Problem to work on:
Among the entries below, the lines from the one with "Retirement messages for teachers" up to and including the one with "Fun Australian animal" are to be restated exactly, without pictures.

Information:
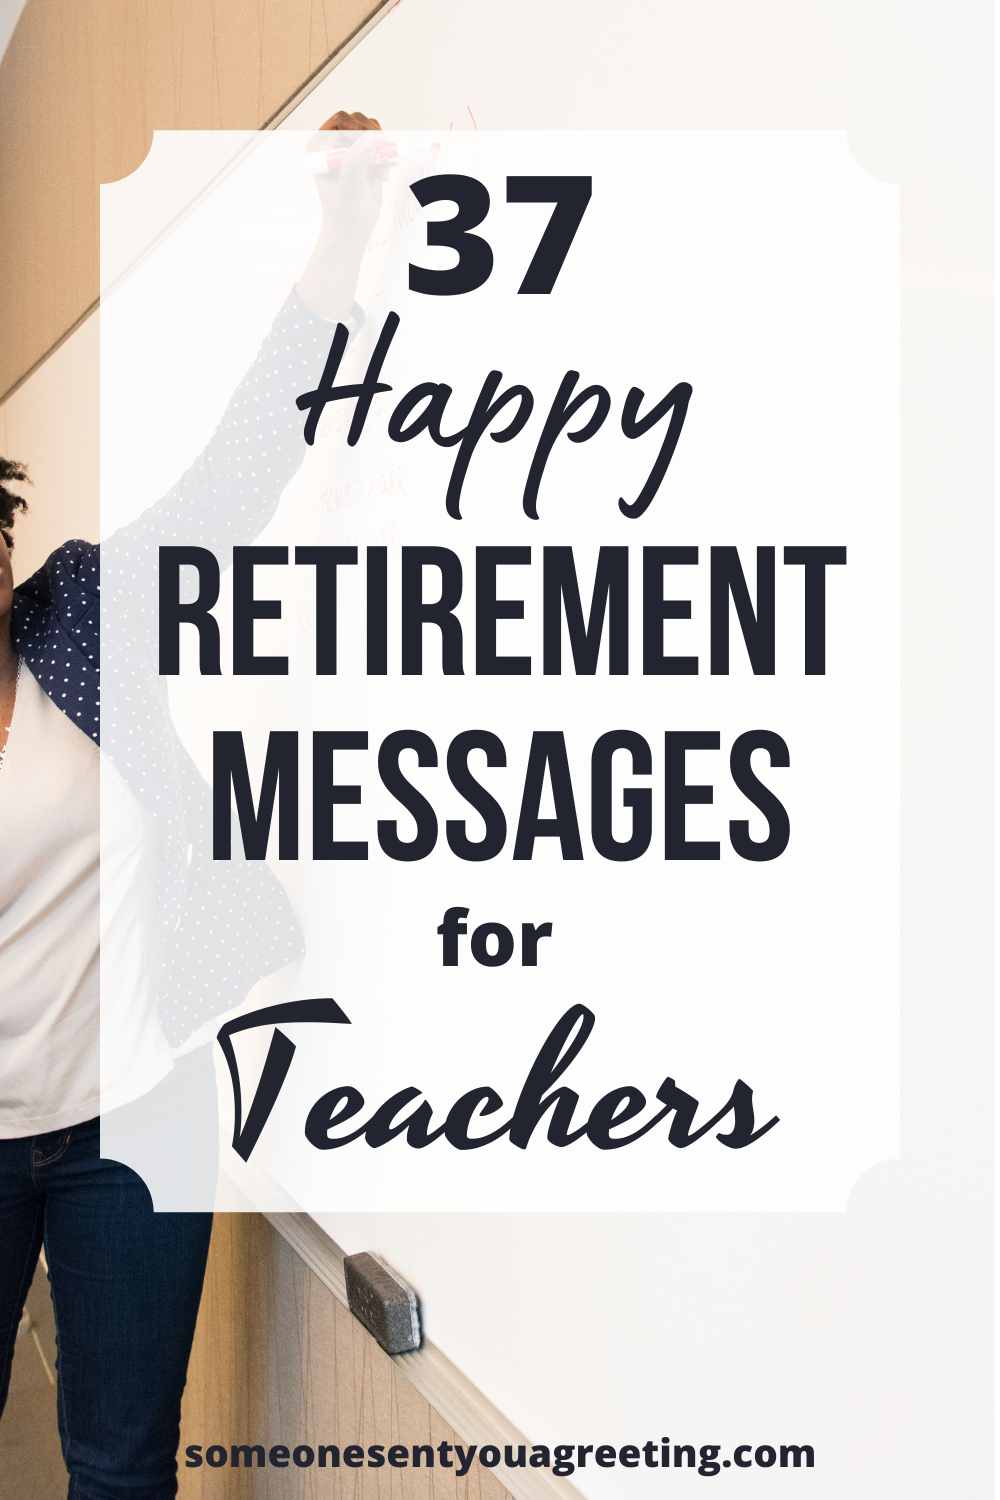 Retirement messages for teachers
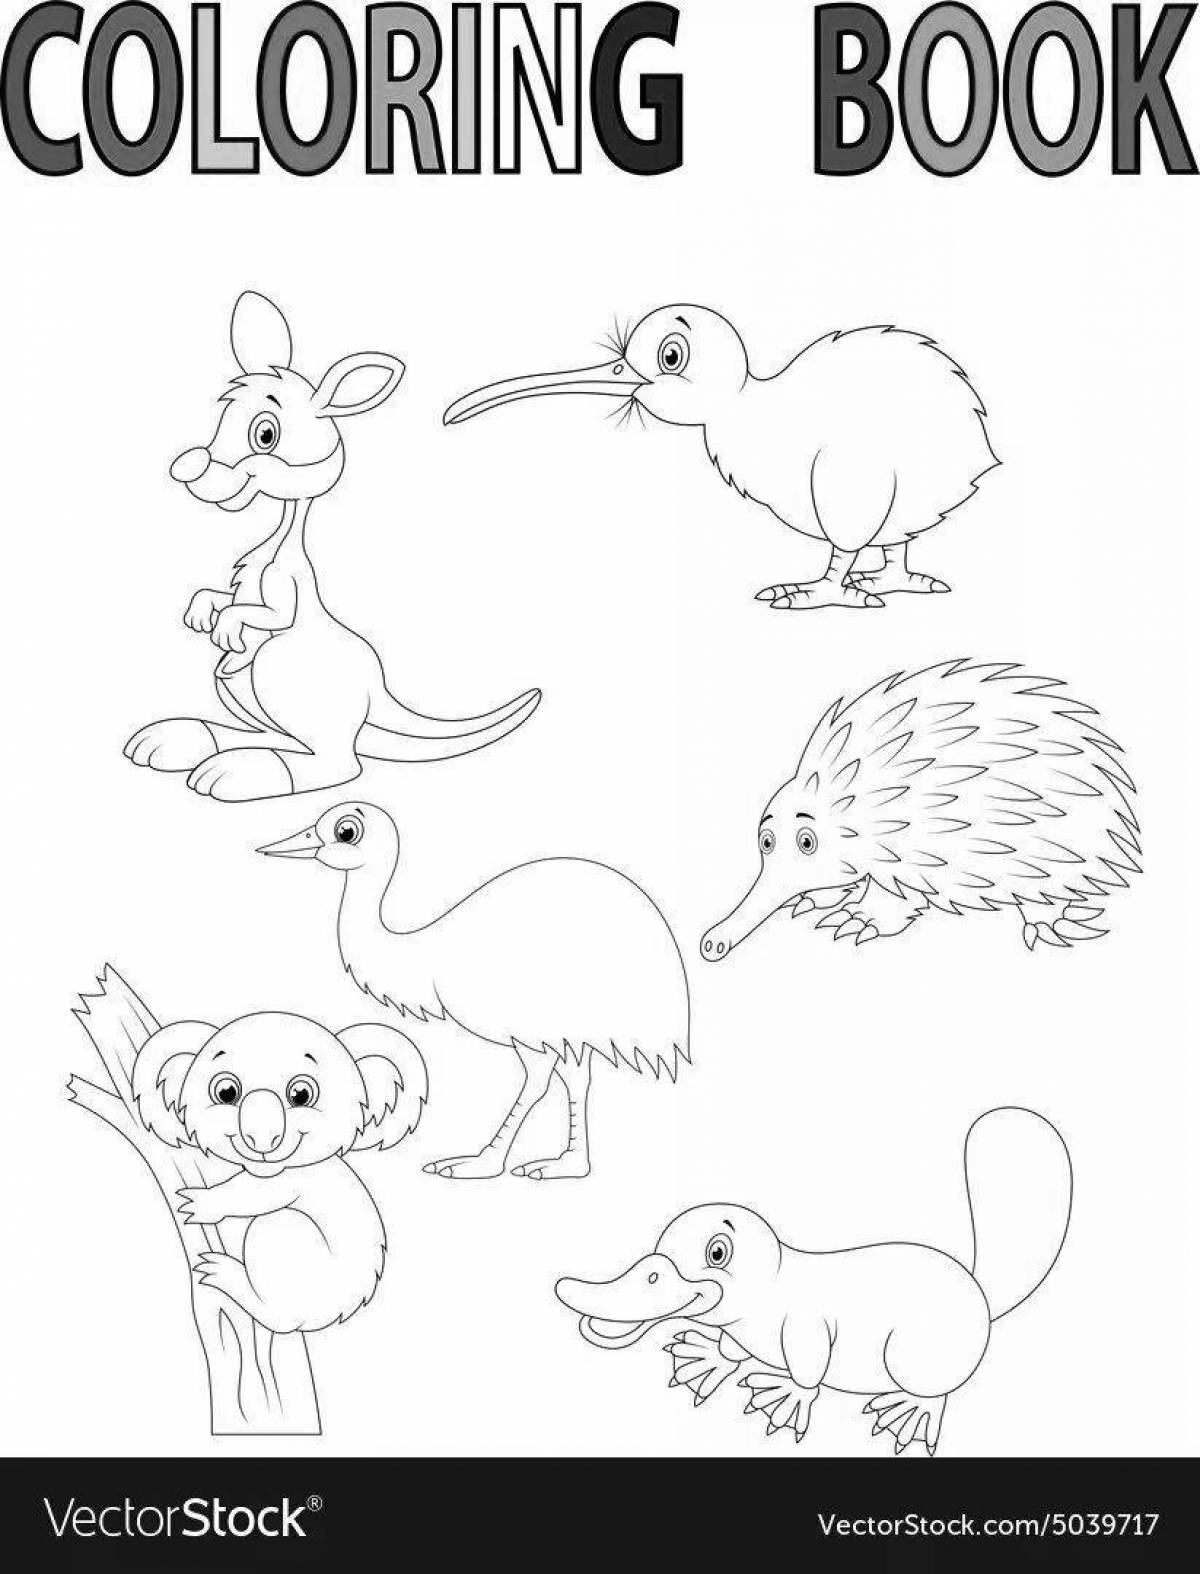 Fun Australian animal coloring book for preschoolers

==

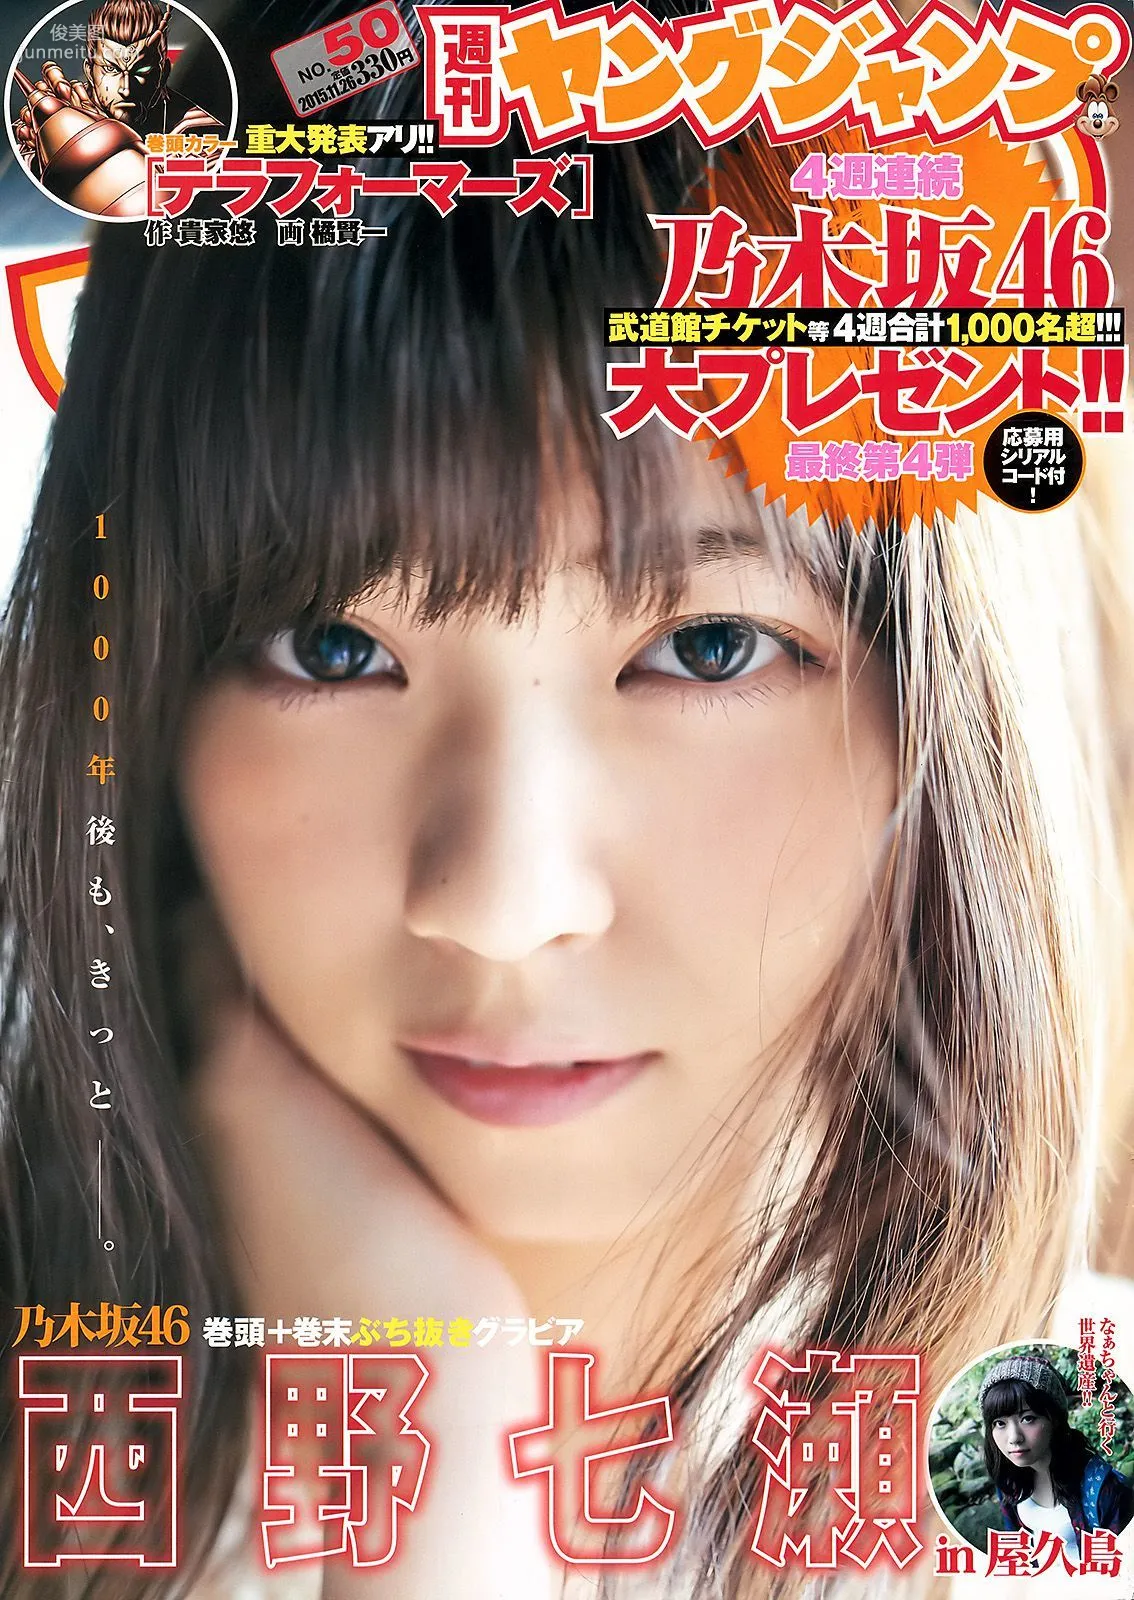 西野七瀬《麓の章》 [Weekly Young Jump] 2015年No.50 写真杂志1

Solution for this exercise:
 Retirement messages for teachers
 Fun Australian animal coloring book for preschoolers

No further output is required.